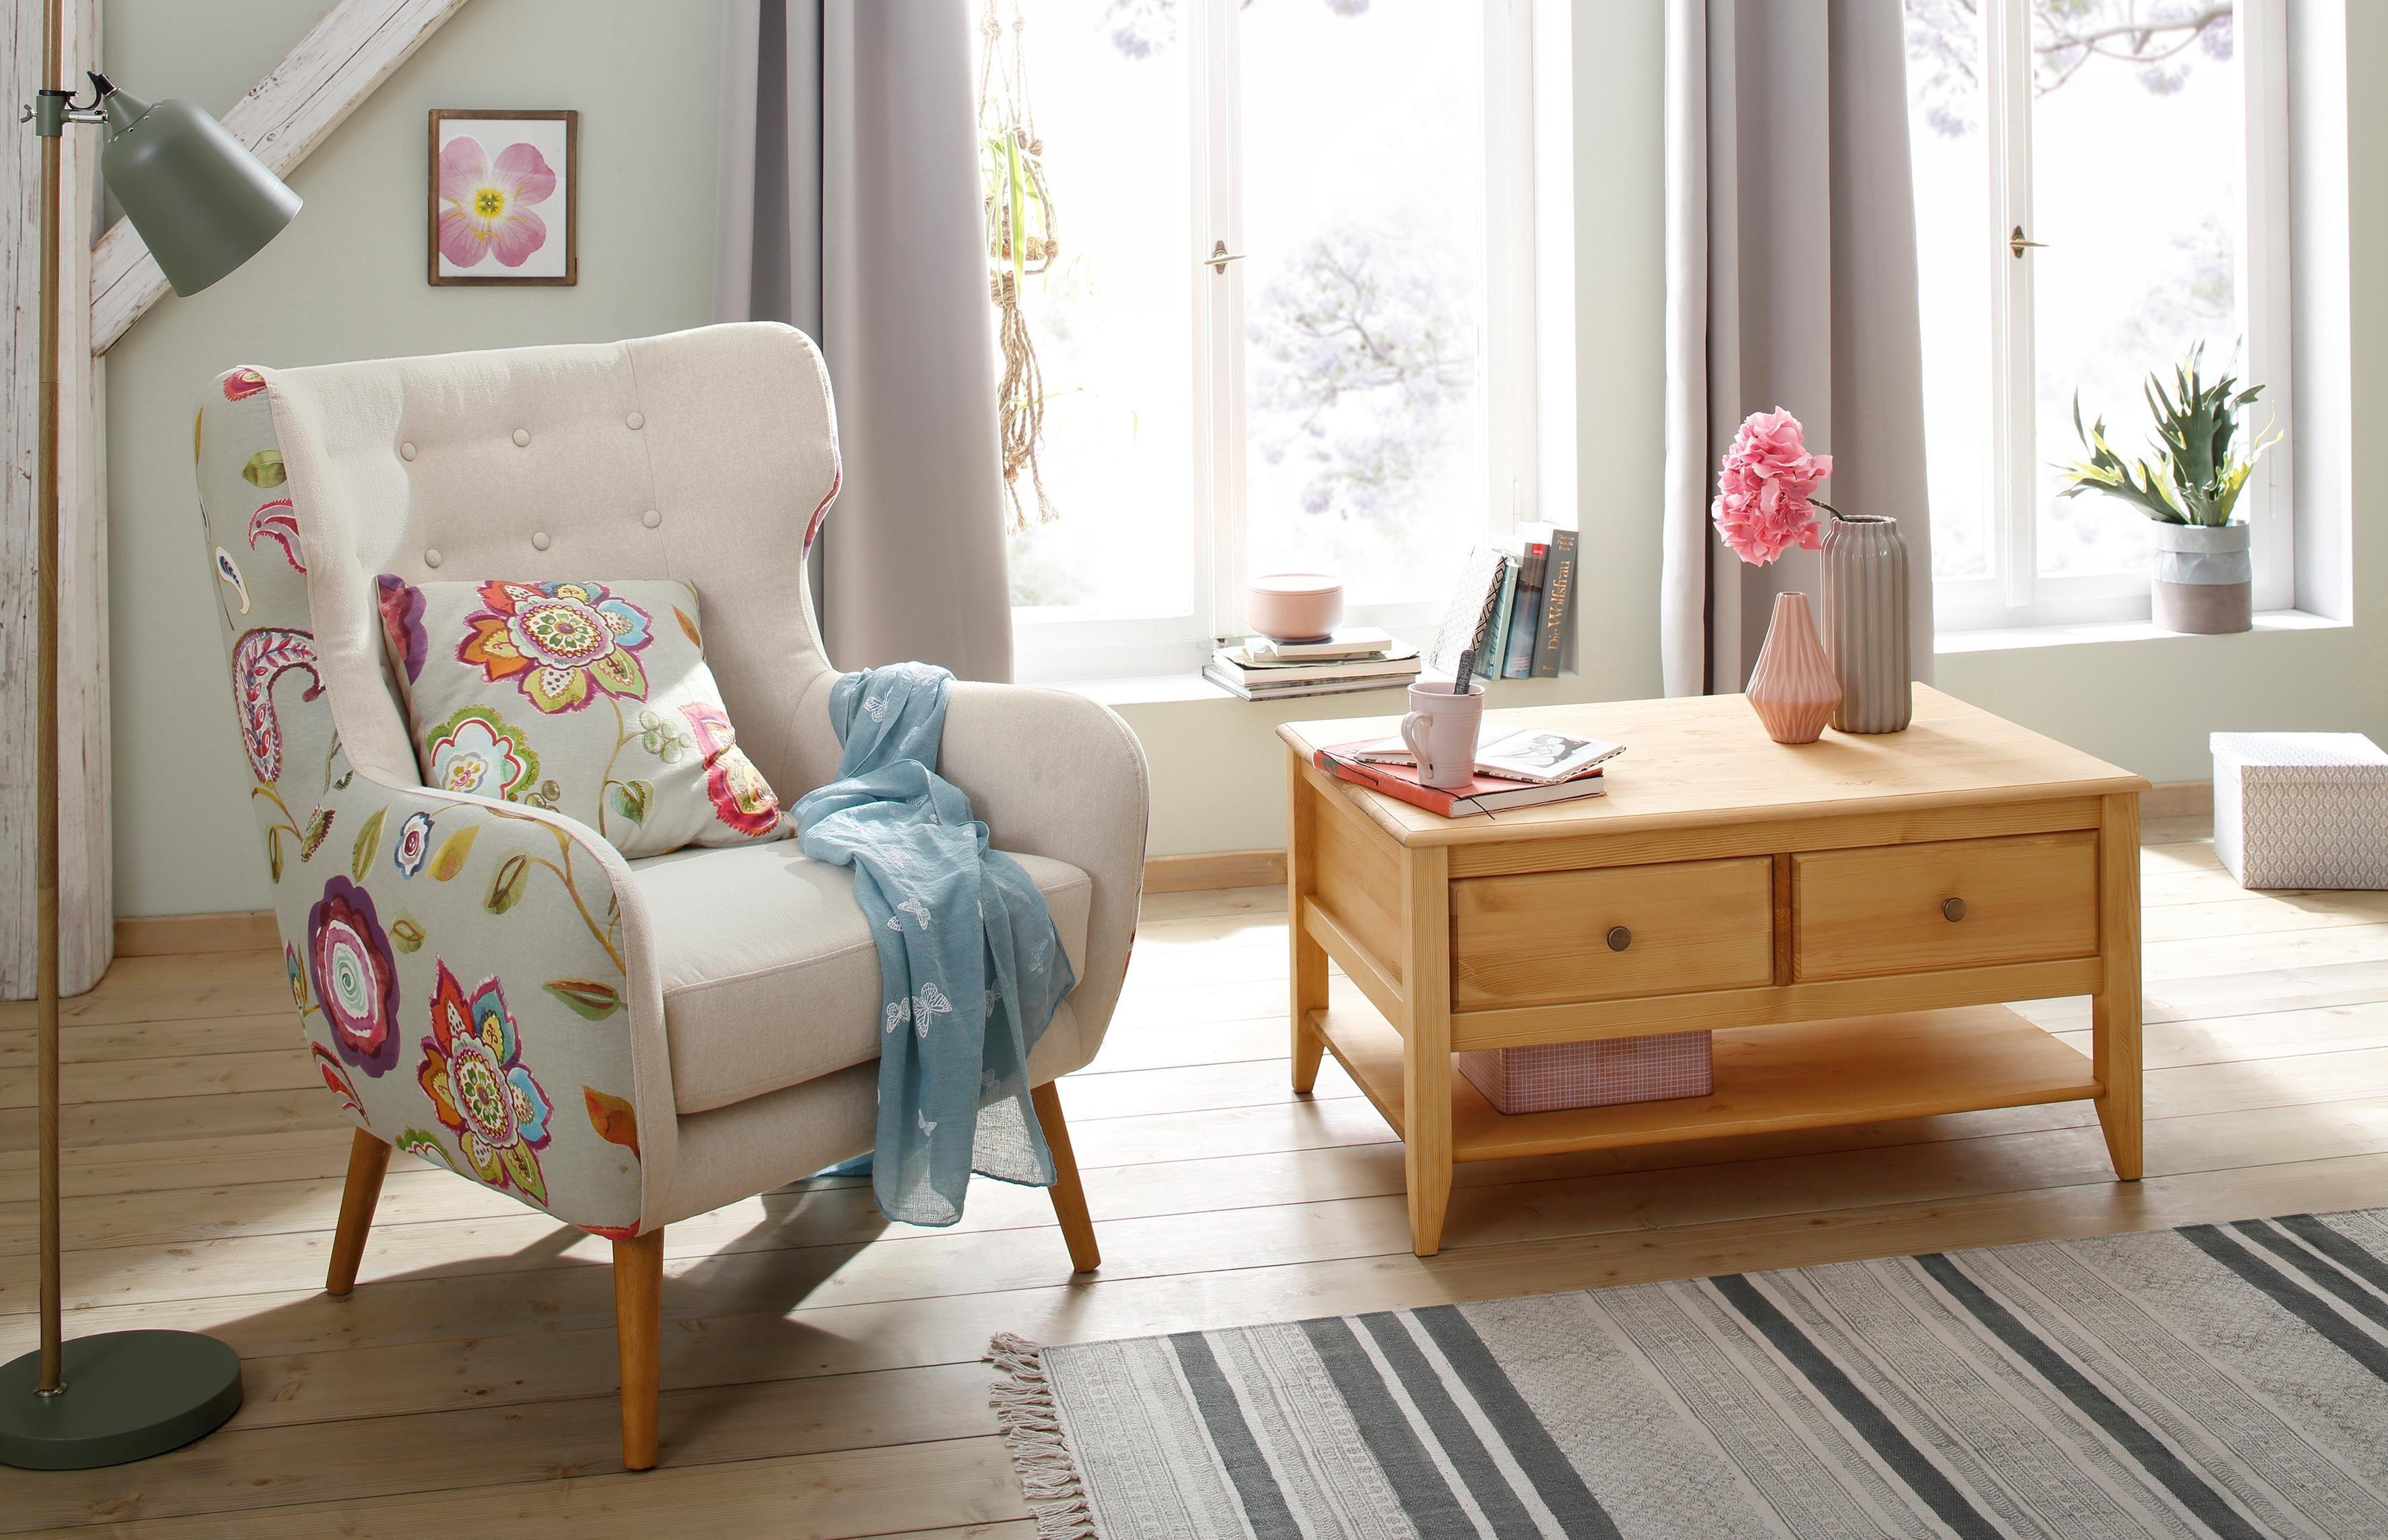 50 sparen home affaire ohrensessel missouri nur 289 99 cherry m bel otto. Black Bedroom Furniture Sets. Home Design Ideas
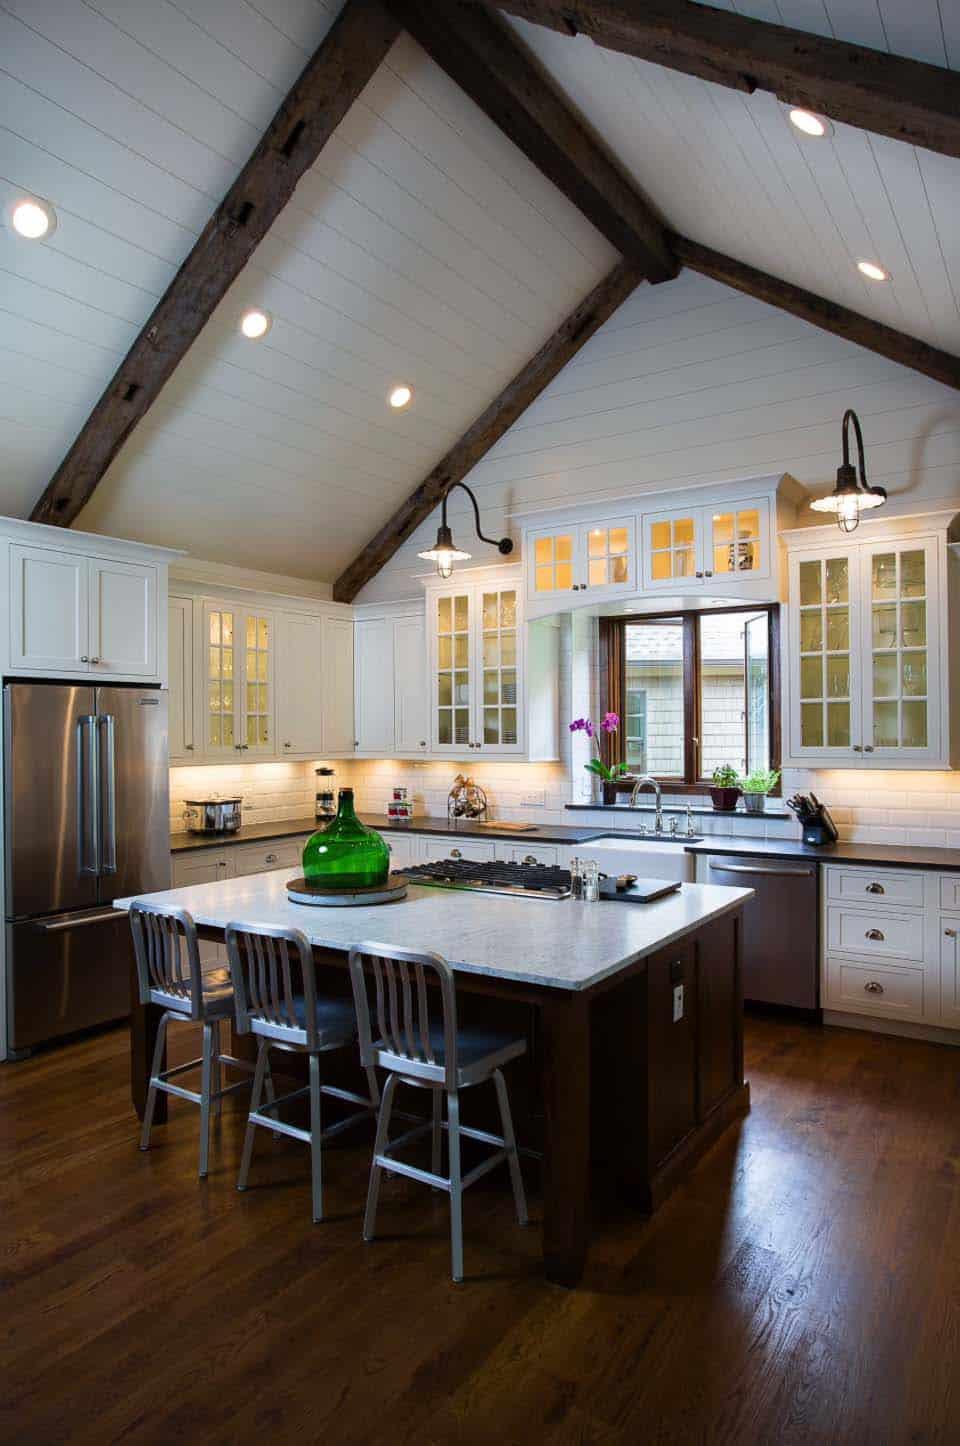 35+ Amazingly creative and stylish farmhouse kitchen ideas on Farm House Kitchen Ideas  id=12049
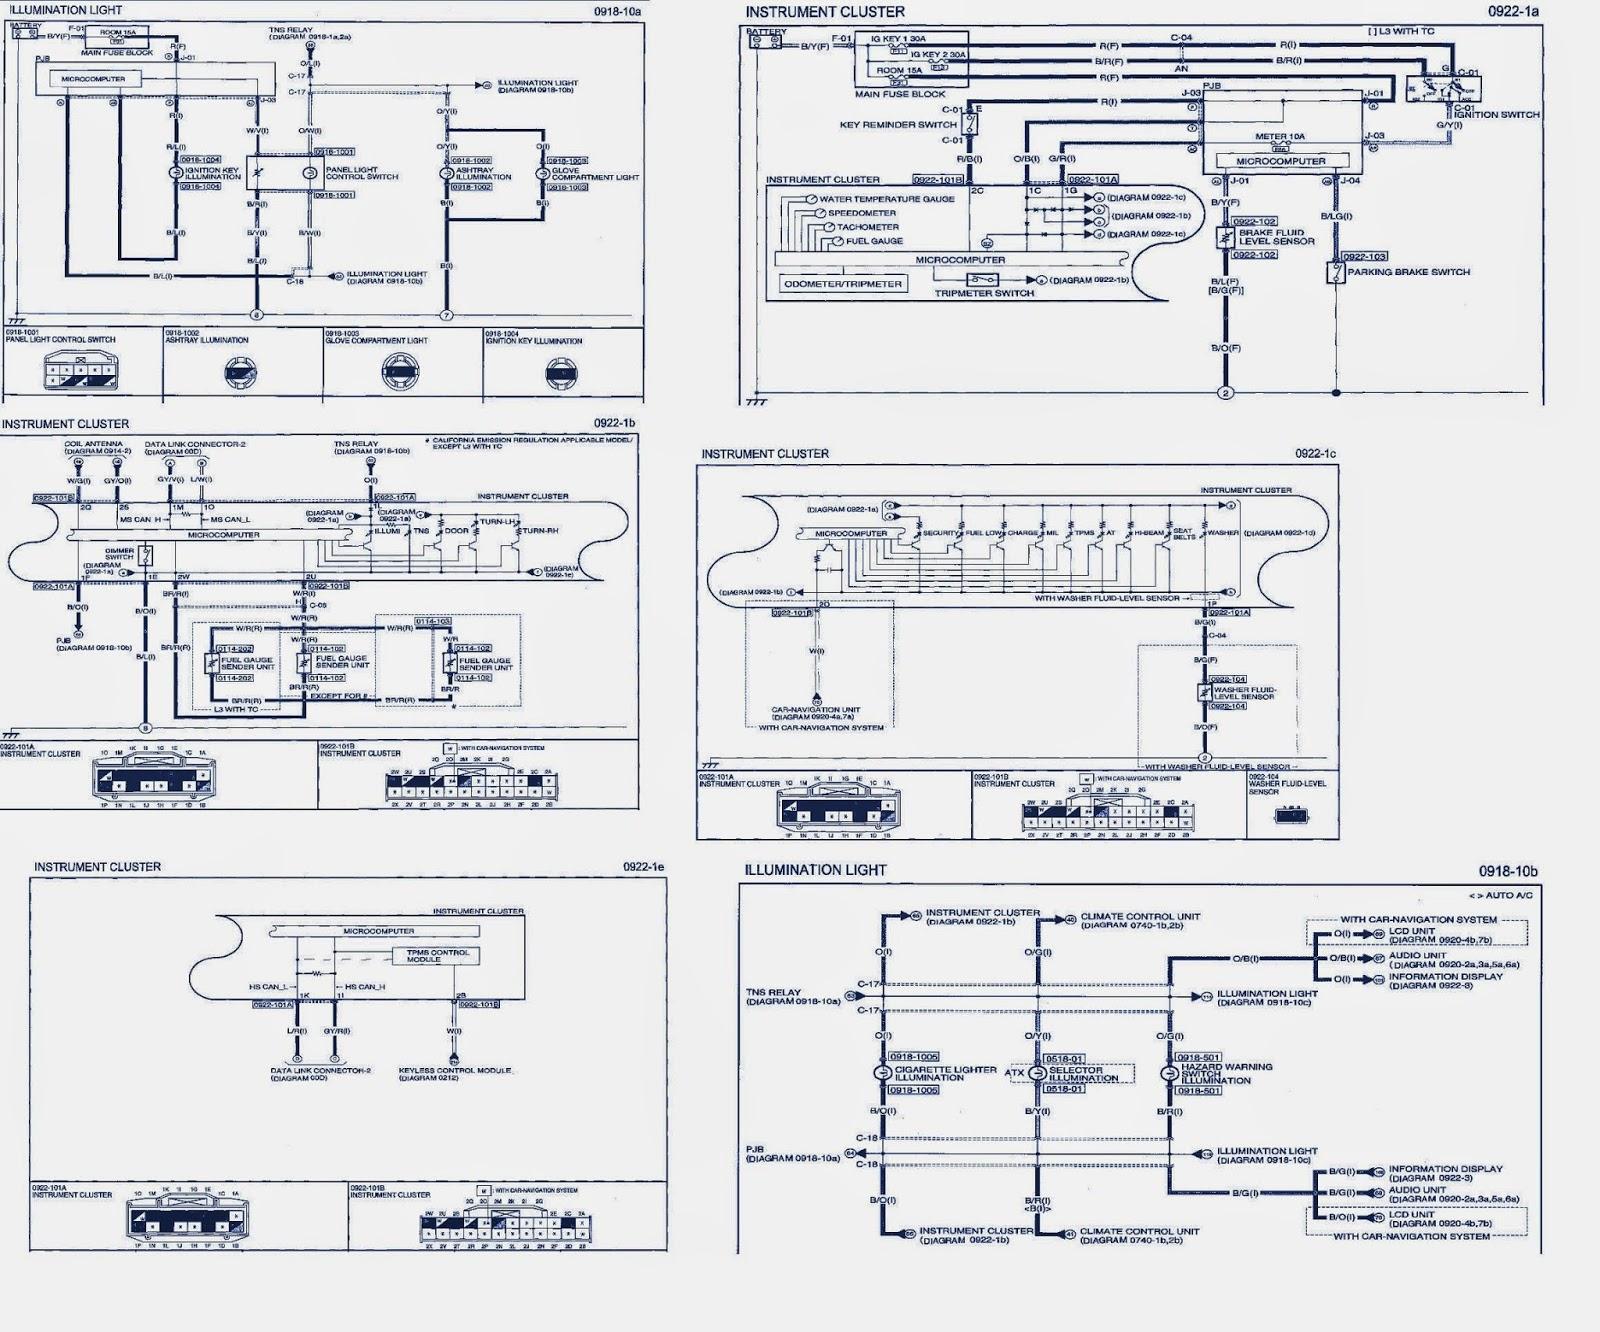 2008 Mazda 3 Wiring Diagram | Auto Wiring Diagrams

*PROBLEM TO WORK ON*:
Would you copy the lines from the one holding "35+ Amazingly creative" down to the last line of the material, both included, exactly and with nothing added, skipping the pictures?

*RESPONSE TO THIS TASK*:
 35+ Amazingly creative and stylish farmhouse kitchen ideas on Farm House Kitchen Ideas  id=12049
 2008 Mazda 3 Wiring Diagram | Auto Wiring Diagrams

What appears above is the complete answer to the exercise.